Kevin McCabe is an English property businessman.

Business career

Scarborough Group
A native of Sheffield, McCabe set up the property company Scarborough Group in 1980. Since then McCabe and his family's ownership of the Scarborough group has branched out into the Far East and China. The group owns Forsyth plc, which runs serviced office operations across the UK including the Blades Enterprise Centre at Sheffield United F.C ground, the Blades' home in Sheffield, and also a 20% stake in both Frasers Property (UK) Ltd and FairBriar Holdings Ltd.

In June 2007, McCabe sold his entire 60 per cent stake in Scamp Holdings Ltd, a subsidiary company of his Scarborough group which owned a real estate investment management operation, together with a significant portfolio of real estate across Europe, to the Australian company, Valad for £850 million. Following the deal McCabe retained a position on the board until his resignation in October 2009 after receiving the final $56.5 million payment for the European property assets.

The Scarborough Group has actively invested in the property sector in China since 2003 with the most high-profile project being the partnership with Top Spring Group in which Scarborough has a substantial stake and McCabe is vice-chairman.  Scarborough also has a significant stake in Rainbow Department Stores, following its demerger from Top Spring in 2009.

Sheffield United 

A supporter of Sheffield United, McCabe formed a £50m joint venture between Sheffield United and Scarborough Holdings to invest in low-risk commercial property. United Scarborough, a £50m property joint-venture with his Scarborough property vehicle, sold two properties for a £1.6 million profit, £800,000 of which expanded the 2006–07 profit/loss margin.

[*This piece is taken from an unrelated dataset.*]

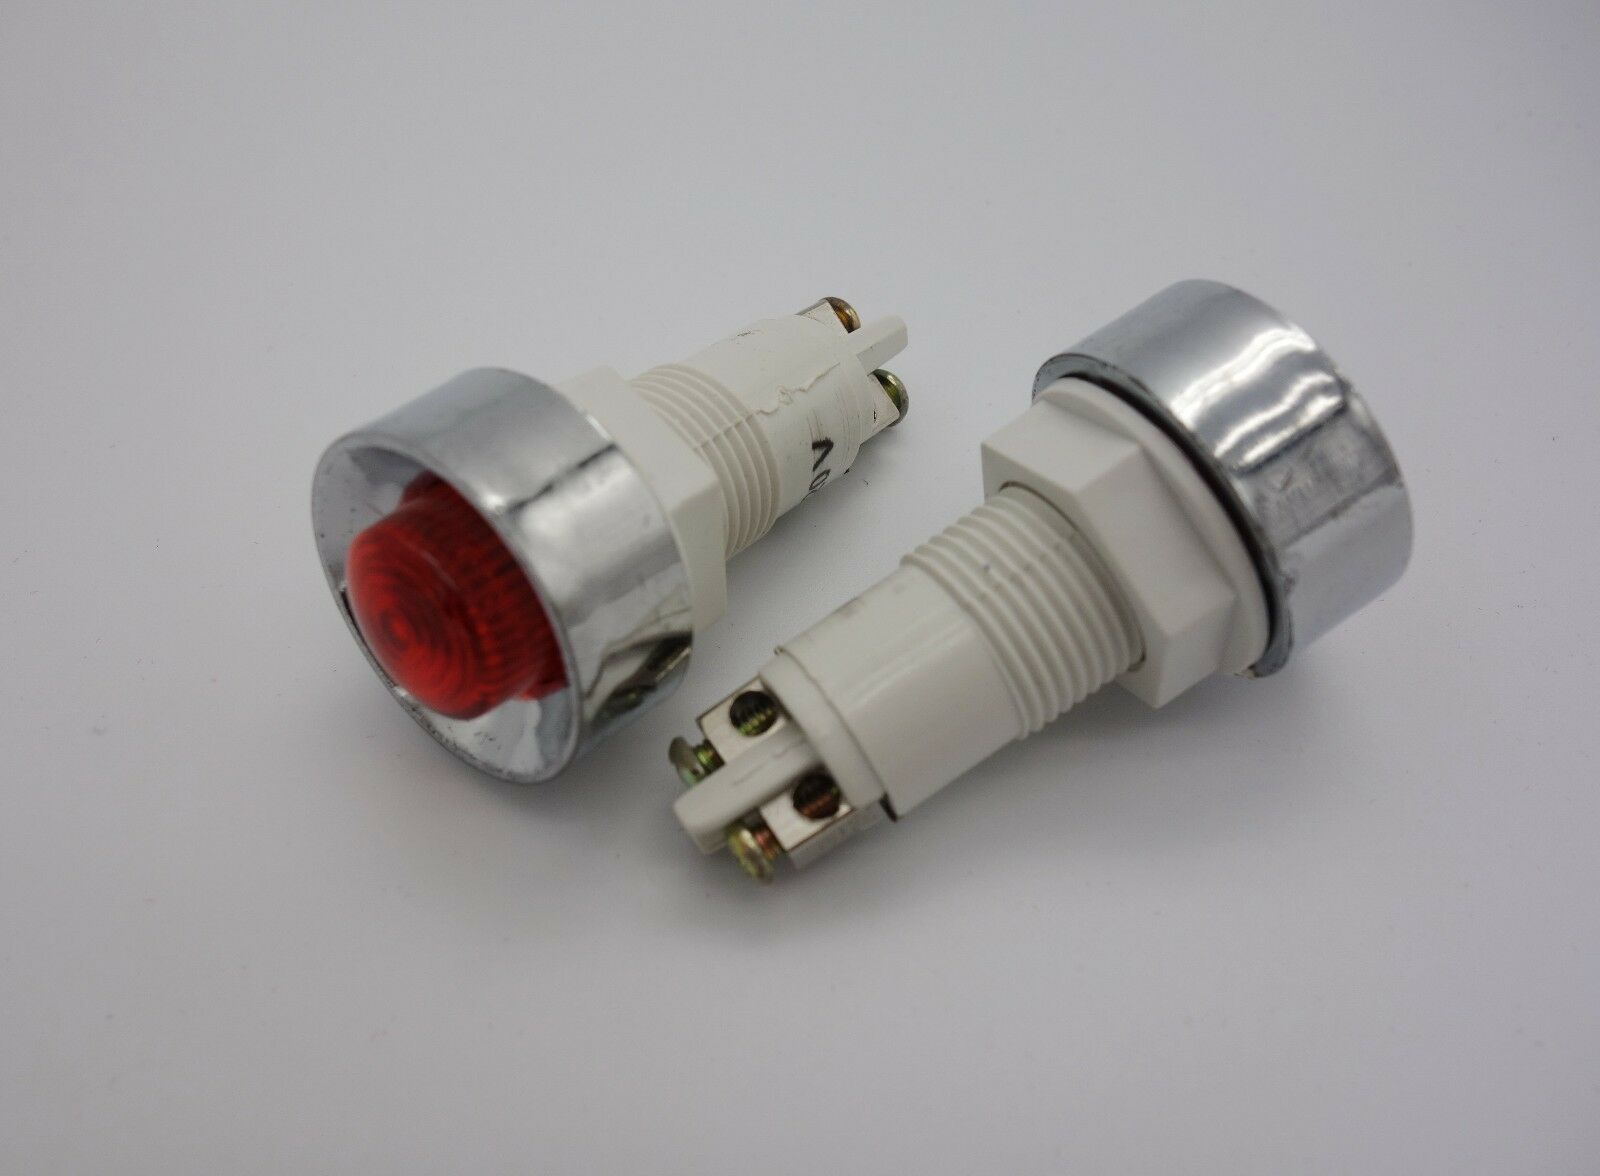 5 Pcs Cutout 13.5mm 220 AC RED incandescent Pilot Lights Screw terminal

Sheffield United acquired a 90% controlling stake in Chengdu Football Club in January 2006, and changed the name of the club to Chengdu Blades Football Club. Then in November 2010 it was reported by various media sources that the club was to sell the majority of its stake in Chengdu Blades as Sheffield United announced losses of nearly £19 million.

Carlos Tevez affair
In May 2007, McCabe launched a legal fight against an independent commission's decision not to punish West Ham United F.C. with a points deduction after the signing of Carlos Tevez and Javier Mascherano. which was believed to be breaching rules governing the ownership of football players. Sheffield United were relegated from English football Premier League on the final day of 2006–07 season. McCabe said that Sheffield United would turn to the European Commission for compensation if an independent arbitration panel failed to overturn their relegation from the Premiership.

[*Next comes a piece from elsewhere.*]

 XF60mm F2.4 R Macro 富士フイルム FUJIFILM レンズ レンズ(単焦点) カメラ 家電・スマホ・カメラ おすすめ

A statement made by the committee on 17 June explained that ''"Sheffield United are asking the arbitral panel to determine two matters. The first, is whether the decision by the independent disciplinary commission on 27 April to fine West Ham, rather than dock points, was legally flawed such as to require the issue to be determined afresh by a disciplinary commission at some point in the future. The second is whether the Premier League acted unlawfully by not de-registering Tevez. Fulham are seeking similar relief. The arbitral panel have no power to decide what the penalty to be imposed upon West Ham should be. This will be within the exclusive remit of the disciplinary commission, if one is convened as a result of the arbitral panel's decision."

A two-day arbitration tribunal was held on 18 June 2007 to examine the decision by an independent committee set up by the Premier League not to dock West Ham United league points for breaching rules governing the ownership of football players.

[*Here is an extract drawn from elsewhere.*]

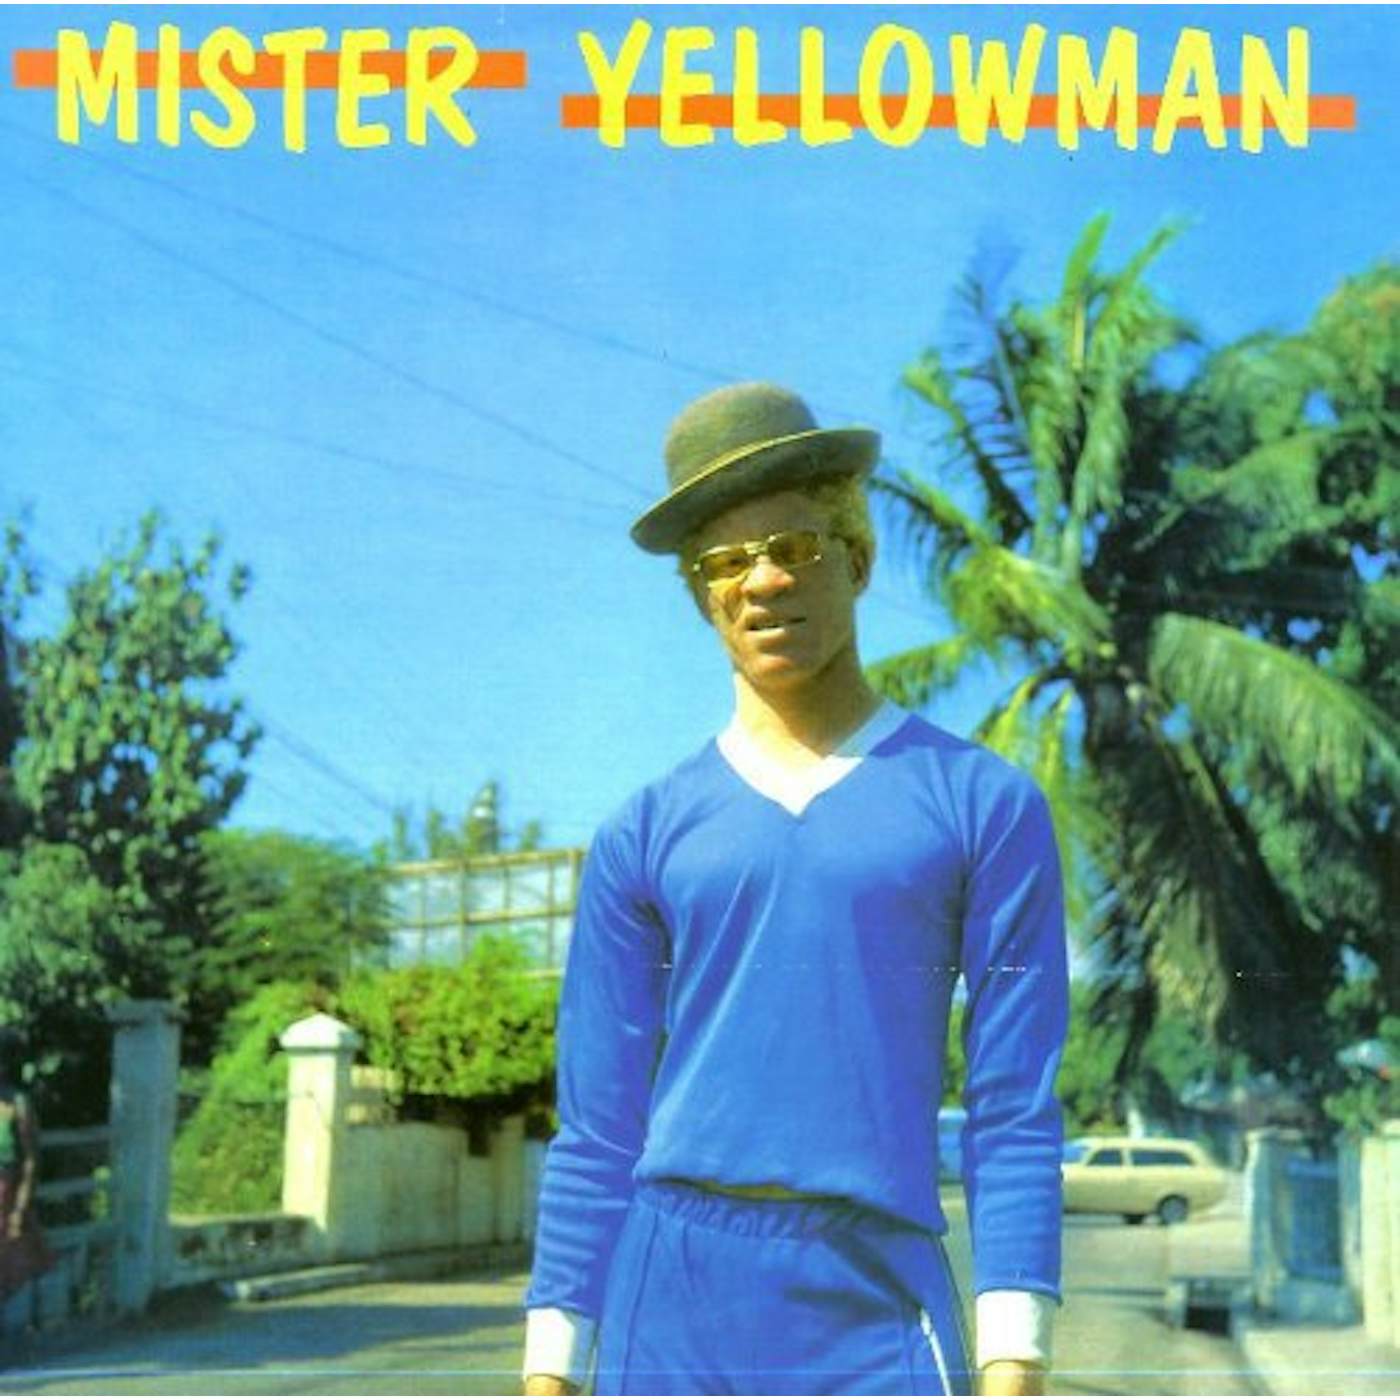 Mister Yellowman Vinyl Record
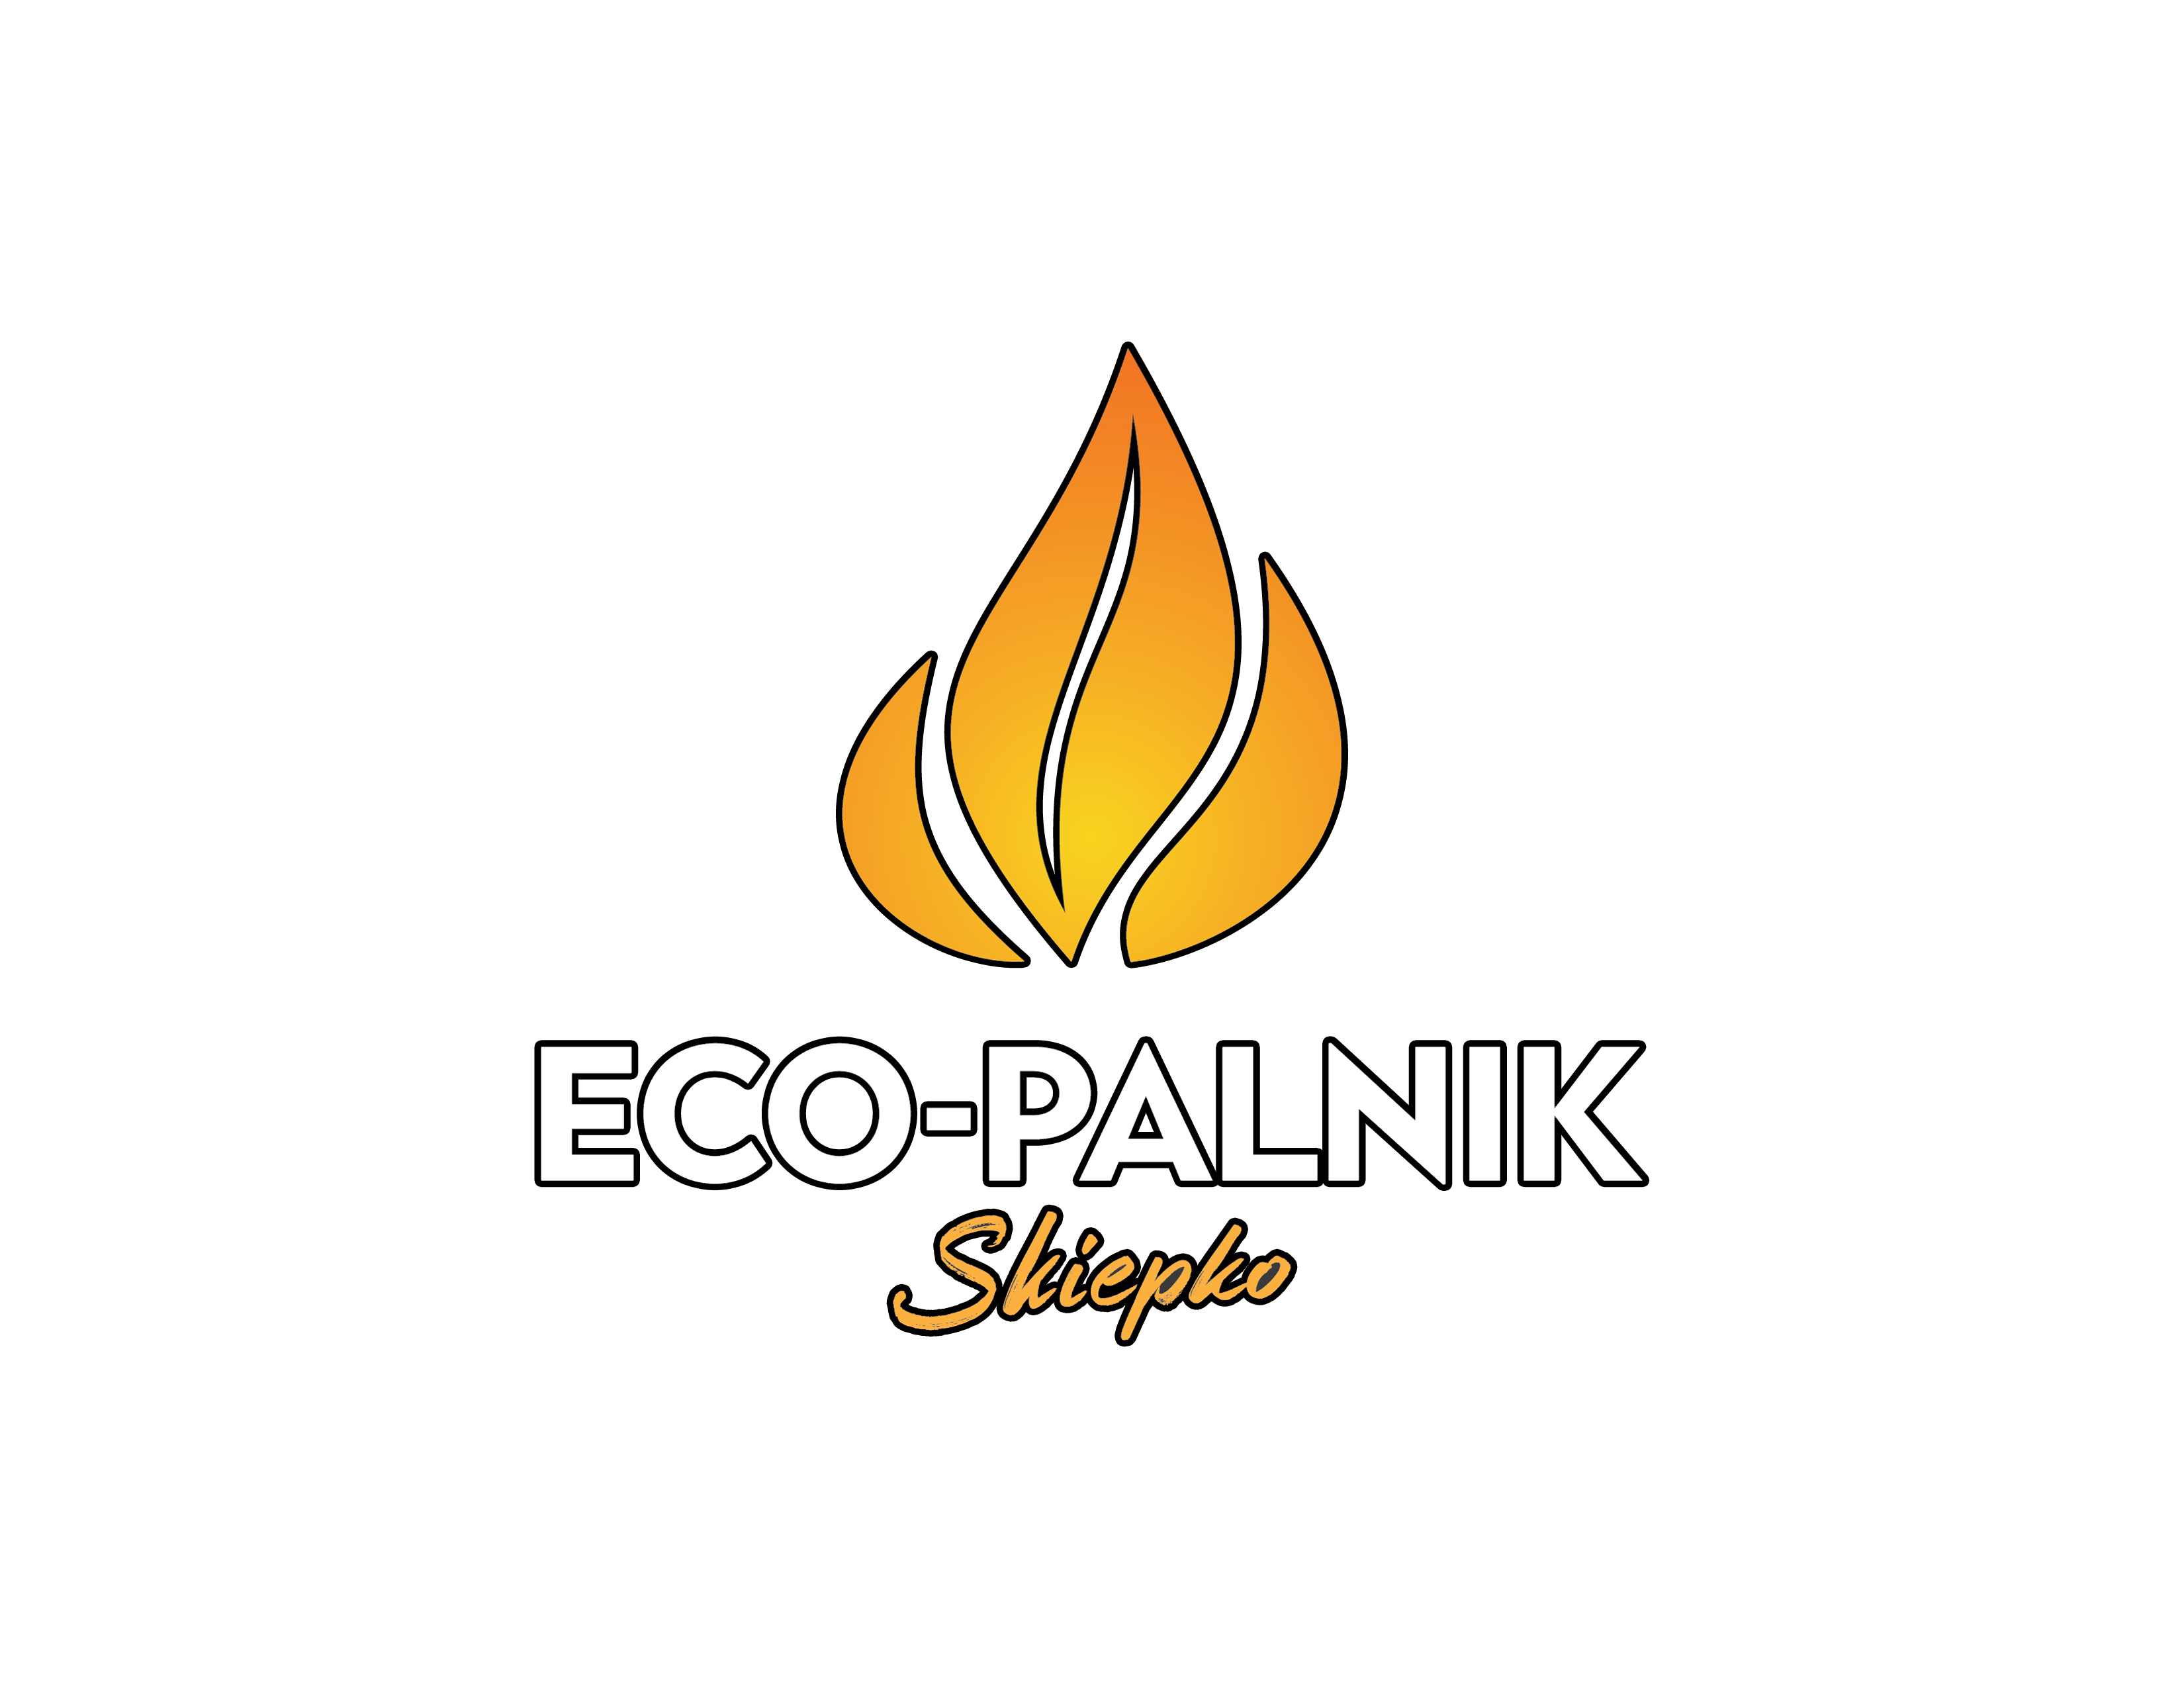 ECO-PALINK logo

McCabe and Sheffield United subsequently lost their arbitration appeal after the tribunal found in favour of the FA Premier League on both issues and dismissed the claims of Sheffield United. The three-man panel did not have the power to change West Ham's punishment but could have ordered a new independent commission to judge the case. The tribunal said they had "sympathy" with "the Blades", while West Ham had been "deliberately deceitful" and yet remained in the Premier League.

As a result of the hearing, McCabe announced that Sheffield United would be "going to the High Court to appeal". McCabe accepted that Sheffield United will not be reinstated to the Premier League, but would be looking for up to £50m in compensation.

On 13 July 2007, Sheffield United lost its High Court appeal against the Premier League. An arbitration panel upheld the original decision not to dock West Ham points over the transfers of Tevez and Mascherano. The Blades went into the High Court hearing seeking to prove that the arbitration panel made an "error in law" by not ordering a new disciplinary commission to deal with the affair – but the High Court rejected the argument. McCabe continued to insist the club is due compensation, and indicated "other avenues that I think may be worth pursuing" after the High Court ruling.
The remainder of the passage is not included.